An analysis of circulating tumor DNA, or ctDNA, can help guide treatment decisions for patients with difficult-to-treat high-grade serous ovarian cancer, a study shows.
The study, “Prospective Longitudinal ctDNA Workflow Reveals Clinically Actionable Alterations in Ovarian Cancer,” was published in journal Precision Oncology.
Cancers generally develop due to accumulation of genetic mutations in a specific cell. As cancer grows and spreads, tumor cells leak some of their DNA molecules into the bloodstream, so sampling these circulating tumor DNA may help provide a snapshot of the types of genetic mutations occur in cancer.
Additionally, since the effectiveness of some chemotherapy regimens is dependent on the mutational status of the tumor, researchers have suggested that ctDNA analysis may provide useful information for personalized guided treatment.
ctDNA sampling is an attractive assessment technique because it is minimally invasive, requiring only a common blood sample. Unfortunately, the clinical value of ctDNA remains controversial, particularly due to lack of standardized and often poorly described analysis approaches.
To overcome this challenge, Finnish researchers implemented a clinical ctDNA workflow that can help detect clinically relevant mutations in more than 500 cancer-related genes. This workflow results from the combination of ctDNA analysis-tailored bioinformatics pipelines and a Translational Oncology Knowledgebase.
Researchers applied their new workflow to a prospective cohort consisting of 78 ctDNA samples that were collected before, during, and after treatment from 12 patients who had high-grade serous ovarian cancer. They also analyzed the genetic profile of primary tumor tissue samples collected from these patients.
High-grade serous ovarian cancer is the most common and aggressive form of epithelial ovarian cancer with a five-year survival rate of 43%.
Results indicated there was a good correlation between the presence of genetic mutations and copy number alterations in ctDNA and primary tumor samples. Using ctDNA analysis, the team was able to identify mutations in seven patients (58%) that could be treated using clinically available therapies.
Next, the team used this analysis to change the treatment strategy in one patient who had severe ovarian cancer that was not responding to chemotherapy.
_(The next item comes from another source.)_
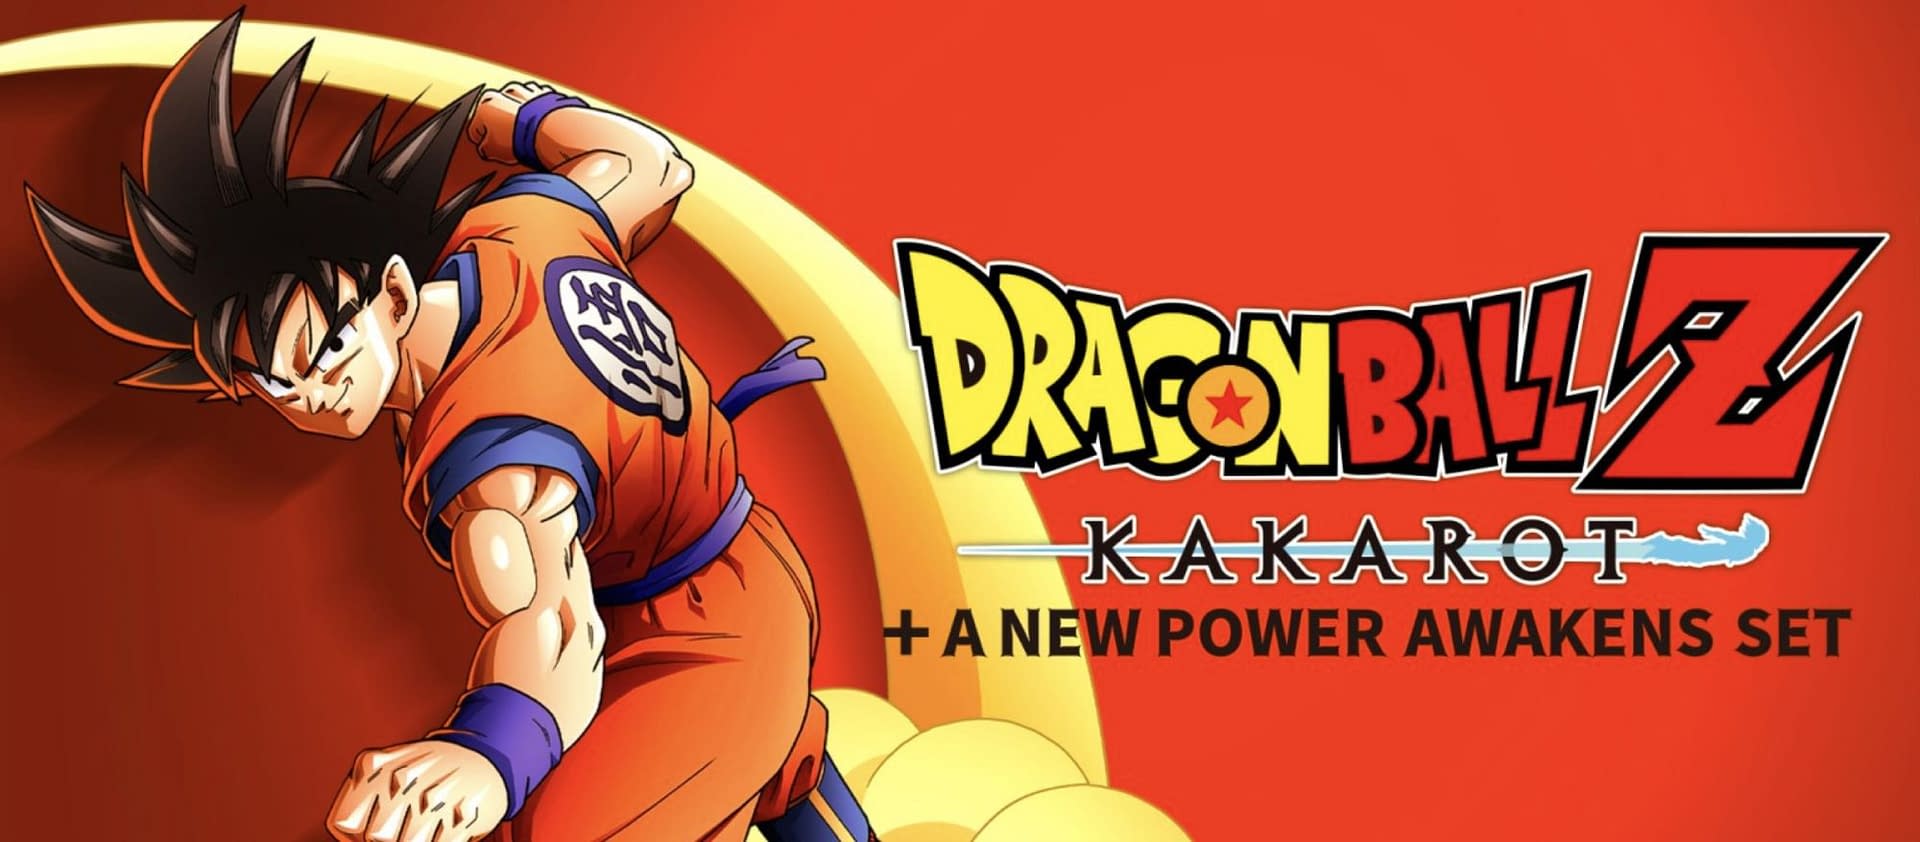 All Possible Beam Struggles - Dragon Ball Z Kakarot Mods

The ctDNA analysis revealed that the tumor was carrying a genetic variant known as an ERBB2 amplification, which is, in fact, a predictive biomarker for targeted treatment with Genentech‘s Herceptin (trastuzumab). Based on this finding, the patient started treatment with Herceptin combined with carboplatin and paclitaxel.
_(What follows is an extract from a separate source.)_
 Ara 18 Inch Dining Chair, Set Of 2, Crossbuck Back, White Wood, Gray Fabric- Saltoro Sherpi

With only three treatment cycles, it was possible to detect a reduction in levels of CA-125 (a well-known cancer biomarker) from 840 IU/mL to 19 IU/mL. Further evaluation by computed tomography (CT) scans showed that the patient also had significant tumor shrinkage, which confirmed that, at this point, it had already achieved a partial response to the tailored treatment.
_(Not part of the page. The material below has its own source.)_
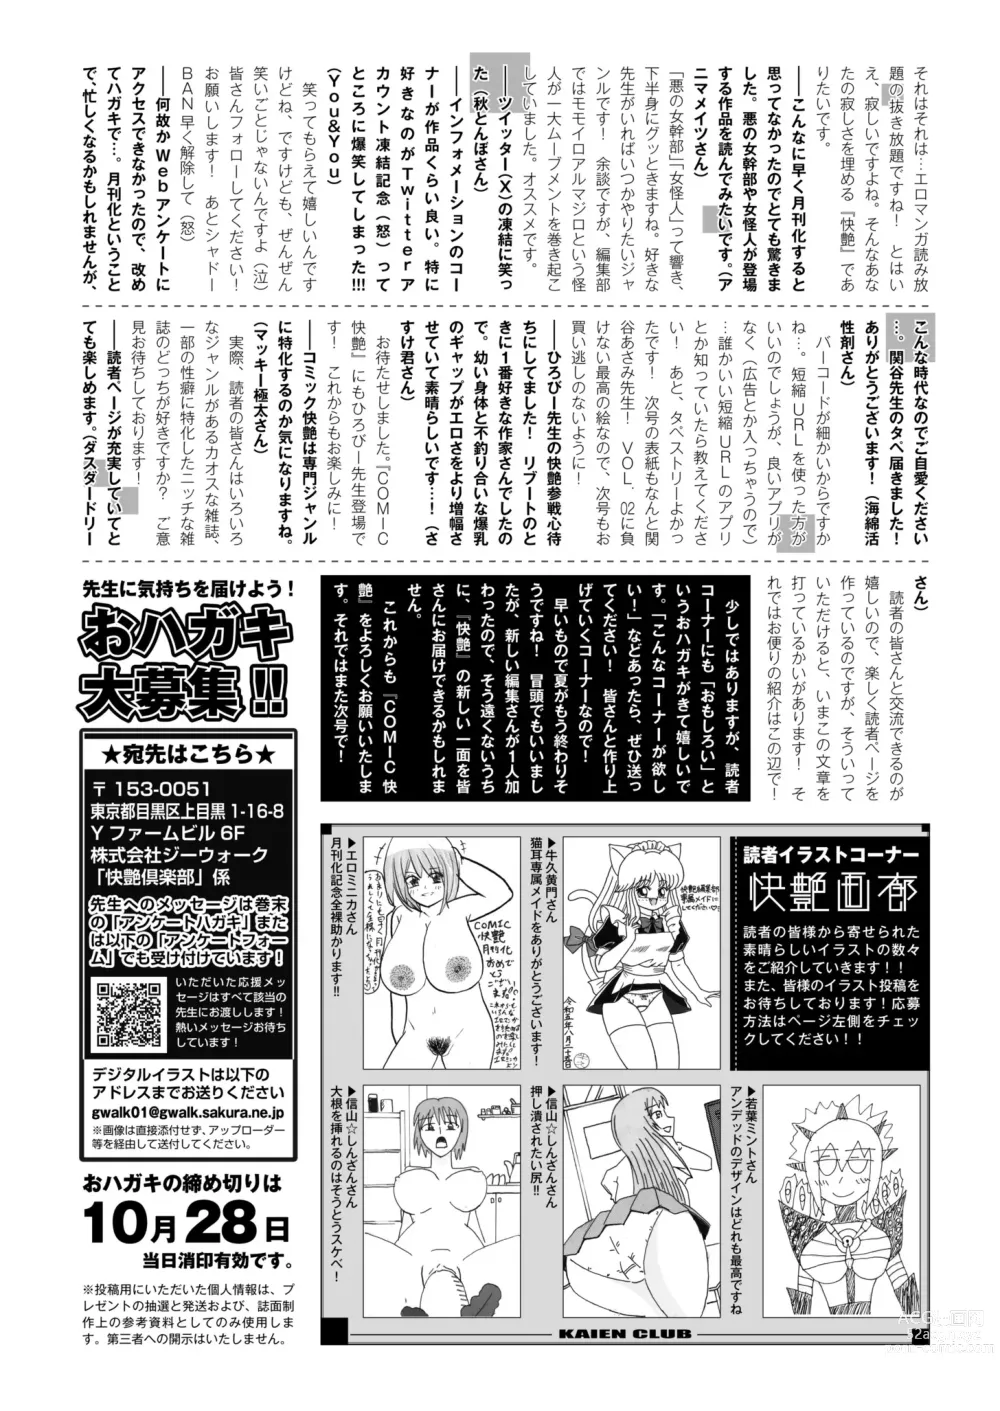 Page 446 of manga COMIC Kaien VOL. 05

“Early detection of poor-responding patients allows the design of alternative treatment strategies in [high-grade serous ovarian cancer],” the researchers said.
Another benefit associated with the use of ctDNA analysis is that it can help clinicians to manage how a patient is responding to therapy over time. Physicians can sample ctDNA during the course of treatment to monitor changes in the levels of cancer-associated genes.
“ctDNA sampling and sequencing with a large panel offers several benefits to physicians,” they wrote. “Response to therapy can be inferred using two or three consecutive ctDNA samples during therapy.”
The team believes these findings provide “a proof of concept for using ctDNA to guide clinical decisions” for the treatment of cancer.